#### DATASET CONTENT:
#####

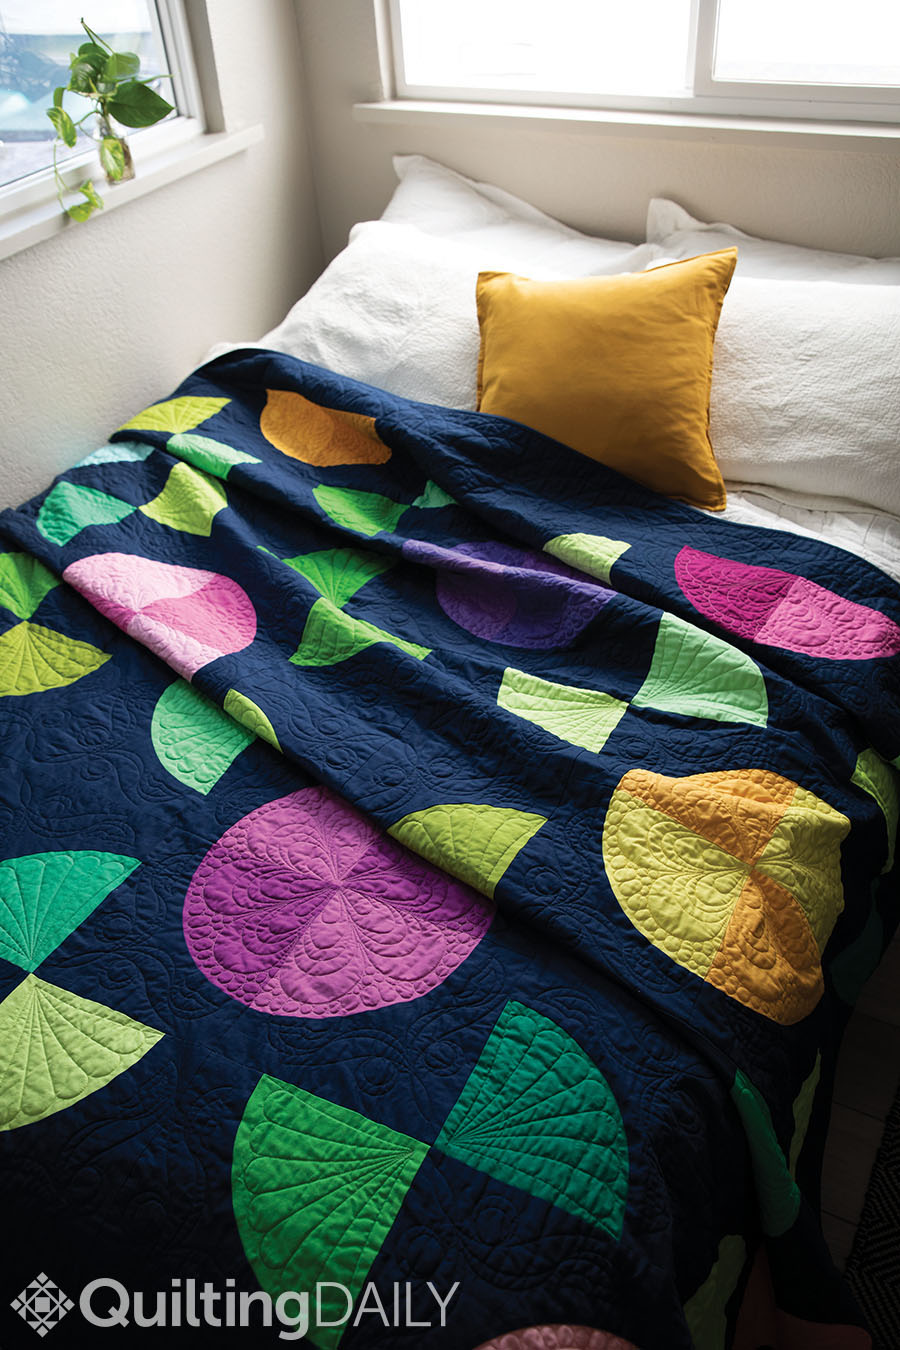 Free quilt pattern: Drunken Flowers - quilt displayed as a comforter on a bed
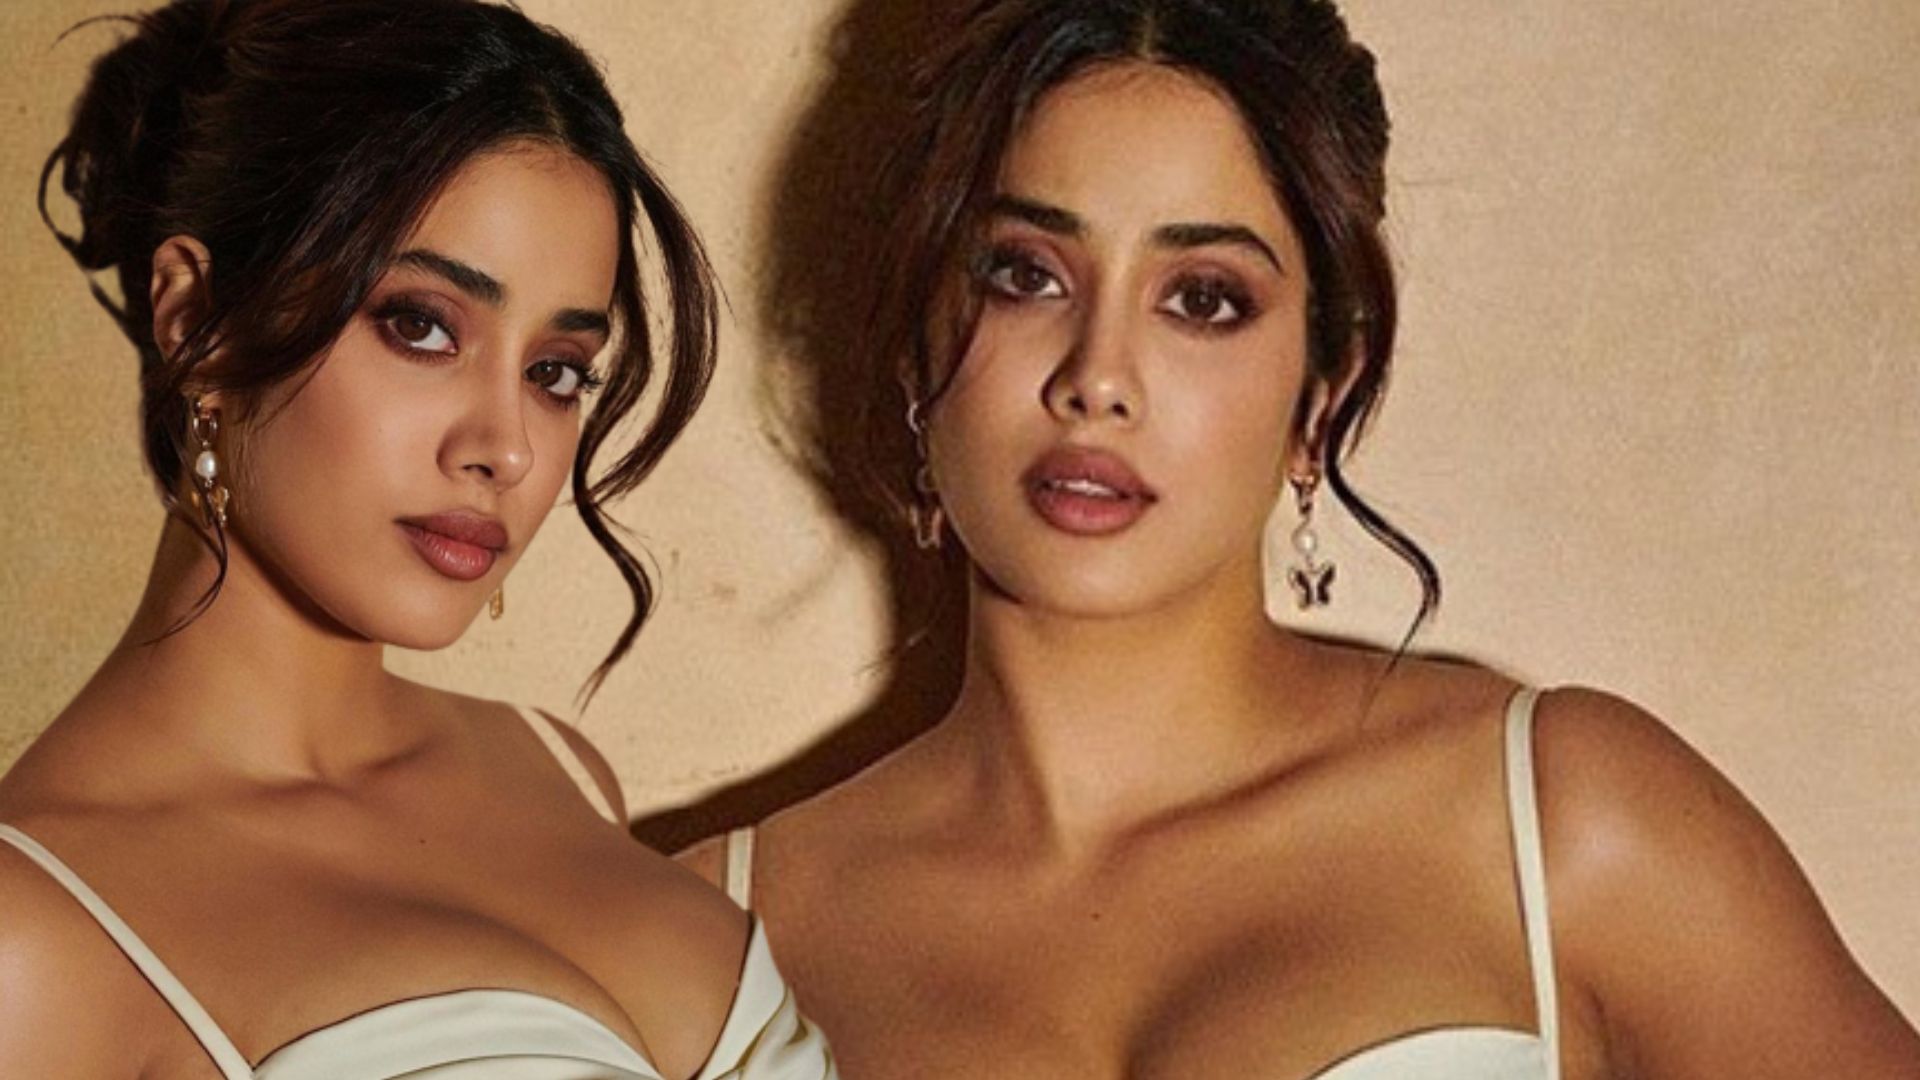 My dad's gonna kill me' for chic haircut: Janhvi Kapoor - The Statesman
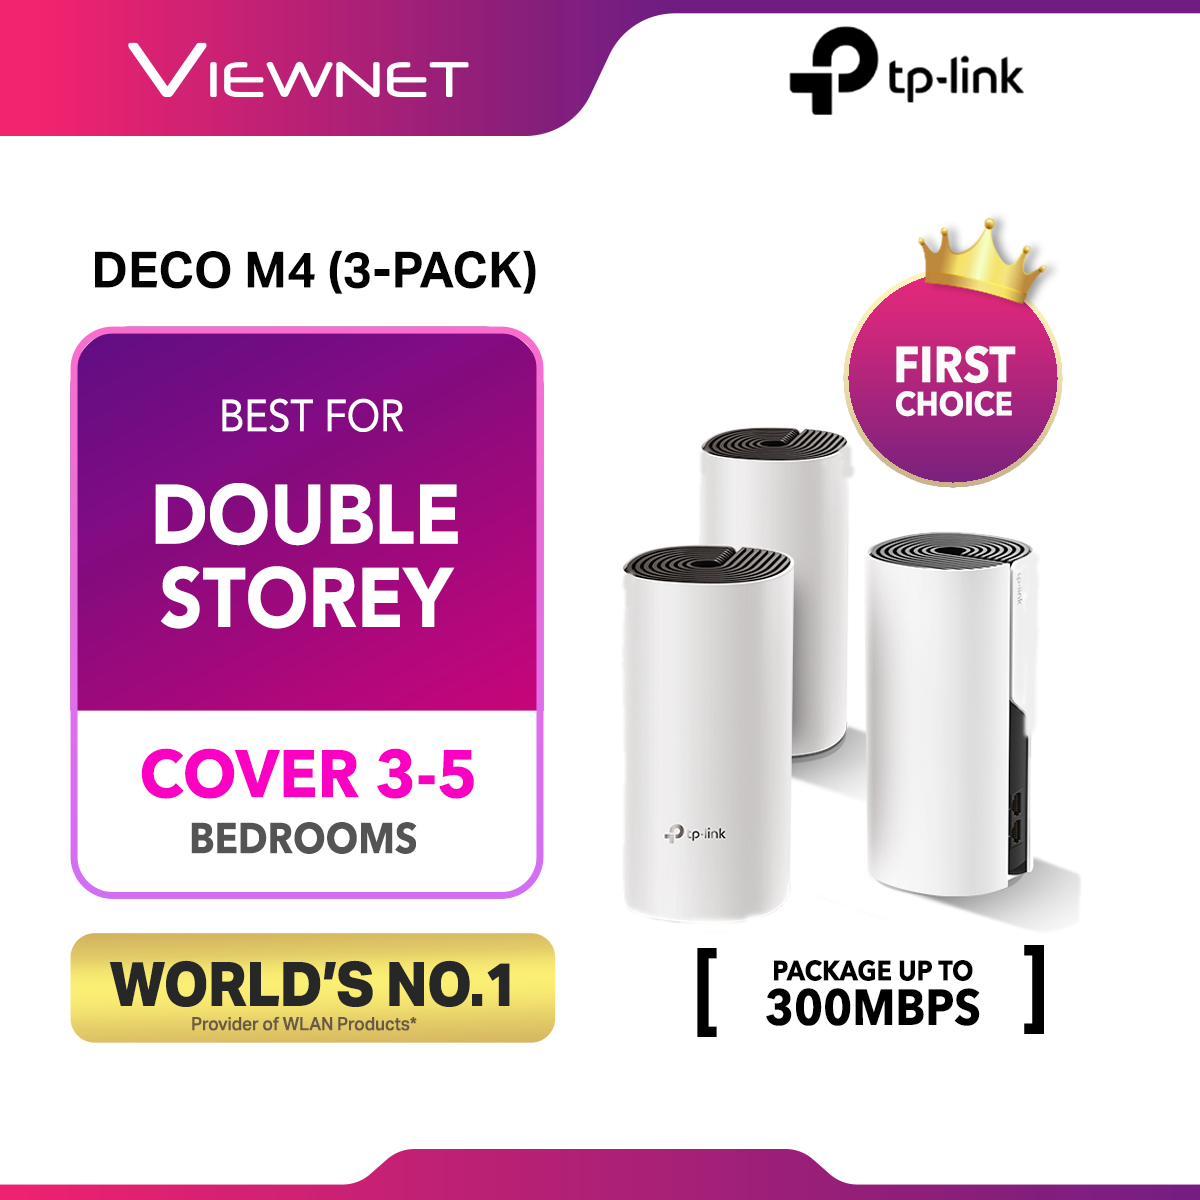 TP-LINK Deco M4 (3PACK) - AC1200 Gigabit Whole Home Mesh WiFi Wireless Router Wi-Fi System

#####

#### TASK PROMPT:
Reproduce the data above exactly, leaving each picture out.

#### OUTPUT OF THE TASK:
 Free quilt pattern: Drunken Flowers - quilt displayed as a comforter on a bed
 My dad's gonna kill me' for chic haircut: Janhvi Kapoor - The Statesman
 TP-LINK Deco M4 (3PACK) - AC1200 Gigabit Whole Home Mesh WiFi Wireless Router Wi-Fi System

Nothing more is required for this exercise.